Sie legte die Mappe beiseite, streckte mir ihre Hand entgegen, und ich ergriff sie. »Ich bin Alexandra«, stellte ich mich vor. »Wahrscheinlich wissen Sie das ja schon.«

»Stimmt, ja. Aber ich höre es gern von dir selbst. Alexandra, ich gehöre zu dem Psychologenteam, das mit dem Krankenhaus und der Polizei zusammenarbeitet. Weißt du, worum es dabei geht?«

»Um die Psyche«, sagte ich.

»Ja.« Sie nickte. »Genau. Die Ärzte und Krankenschwestern behandeln deinen Körper, aber wir können über deine Psyche reden. Wie du dich fühlst und was du denkst. Darüber, was passiert ist und was du dir für die Zukunft wünschst. Manchmal wird jemand von der Polizei dabei sein, und manchmal werden wir zwei allein sein. Und dann – wenn wir nur zu zweit sind – ist alles, was du mir sagst, vertraulich. Ein Geheimnis.«

Sie stand von dem Stuhl auf und ging neben meinem Bett in die Knie. »Die Sache ist die«, sagte sie. »Wir müssen uns was versprechen. Ich kann die menschliche Psyche verstehen und damit arbeiten. Ich bilde mir ein, dass ich sie positiv beeinflussen kann. Aber ich kann keine Gedanken lesen. Deshalb müssen wir ehrlich zueinander sein. Sogar bei den schwierigen Sachen. Ist das okay für dich?«

Ihre Stimme klang auf einmal verzerrt. »Okay«, antwortete ich.

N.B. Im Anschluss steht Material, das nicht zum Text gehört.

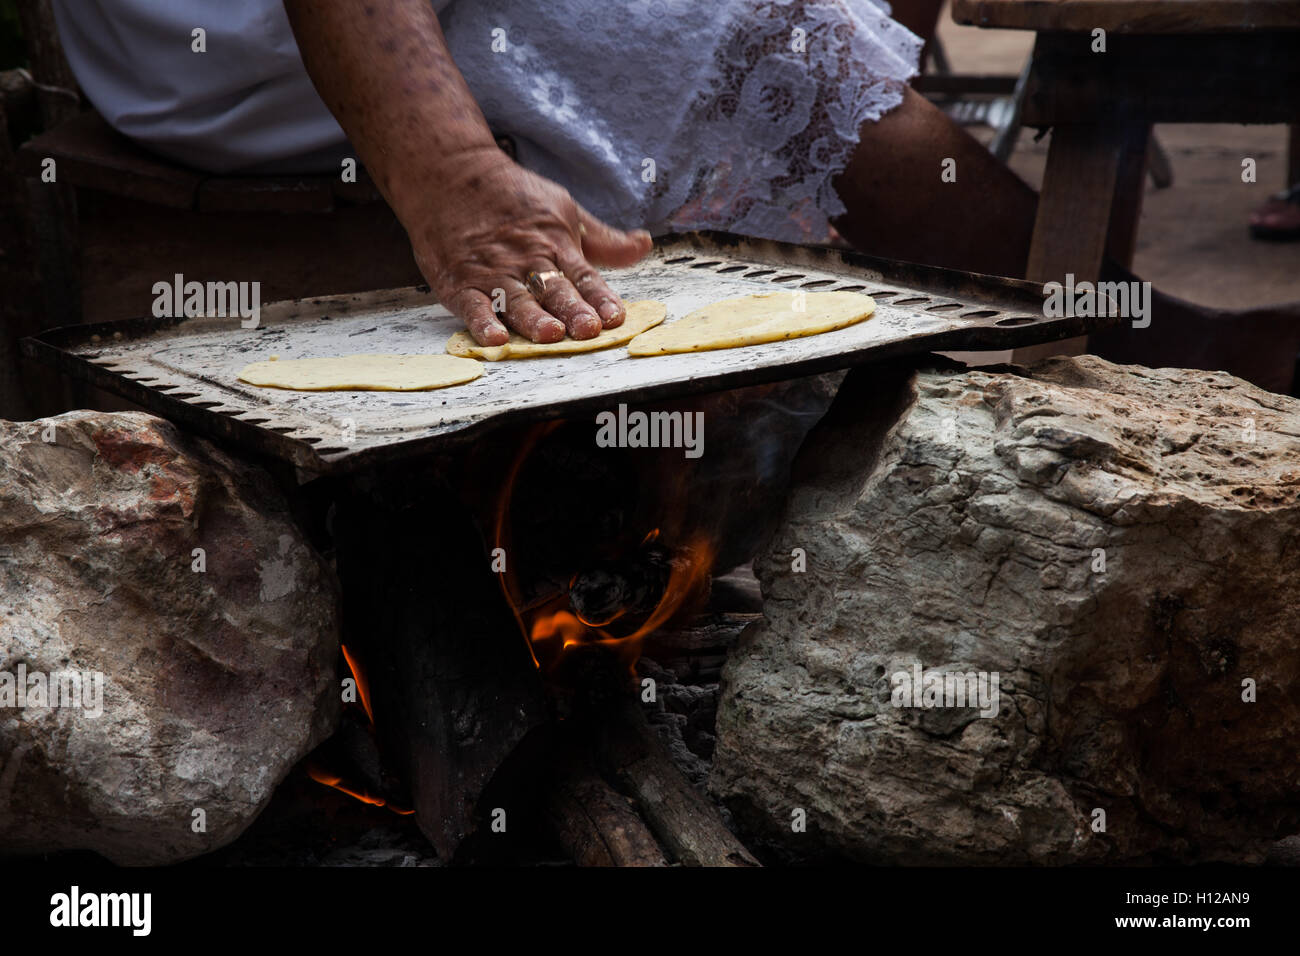 https://c8.alamy.com/compes/h12an9/una-mujer-mayor-haciendo-tortillas-en-una-placa-de-metal-llamado-comal-al-ser-calentada-por-lena-en-el-concurso-de-altar-pixan-hanal-h12an9.jpg

Sie sagte noch mehr, aber sie war in Bewegung, kippte von mir weg, und als ich das nächste Mal aufwachte, war Nacht, und sie war fort.

Von da an kam sie jeden Tag. Manchmal wurde sie von zwei Detectives begleitet. Die waren dabei, als sie mir mitteilte, dass Vater sich unmittelbar nach meiner Flucht getötet hatte. Die ersten Polizisten vor Ort fanden ihn in der Küche. Trotz aller Bemühungen gelang es nicht, ihn wiederzubeleben.

Haben die es wirklich versucht?, überlegte ich. Dann: Und wie intensiv?

Stattdessen fragte ich, wie er es gemacht hatte. Die Detectives sahen Dr. K an, die wiederum mich ansah. »Er hat eine toxische Substanz eingenommen«, erklärte Dr. K. »Ein Gift. Es wurden ganz viele Hinweise darauf gefunden, dass er das geplant hatte, und zwar schon längere Zeit.«

»Es gab einen großen Vorrat davon im Haus«, fügte einer der Detectives hinzu. »Wir vermuten, das sollte das Endspiel werden.«

Wieder wechselten sie Blicke. Sie wirkten erleichtert, als hätten sie etwas hinter sich gebracht, das besser gelaufen war als erwartet.

»Wie fühlst du dich damit?«, fragte Dr. K.

»Ich weiß nicht«, sagte ich. Ein Stunde später, als ich allein war, kam mir die Antwort, nämlich: nicht überrascht.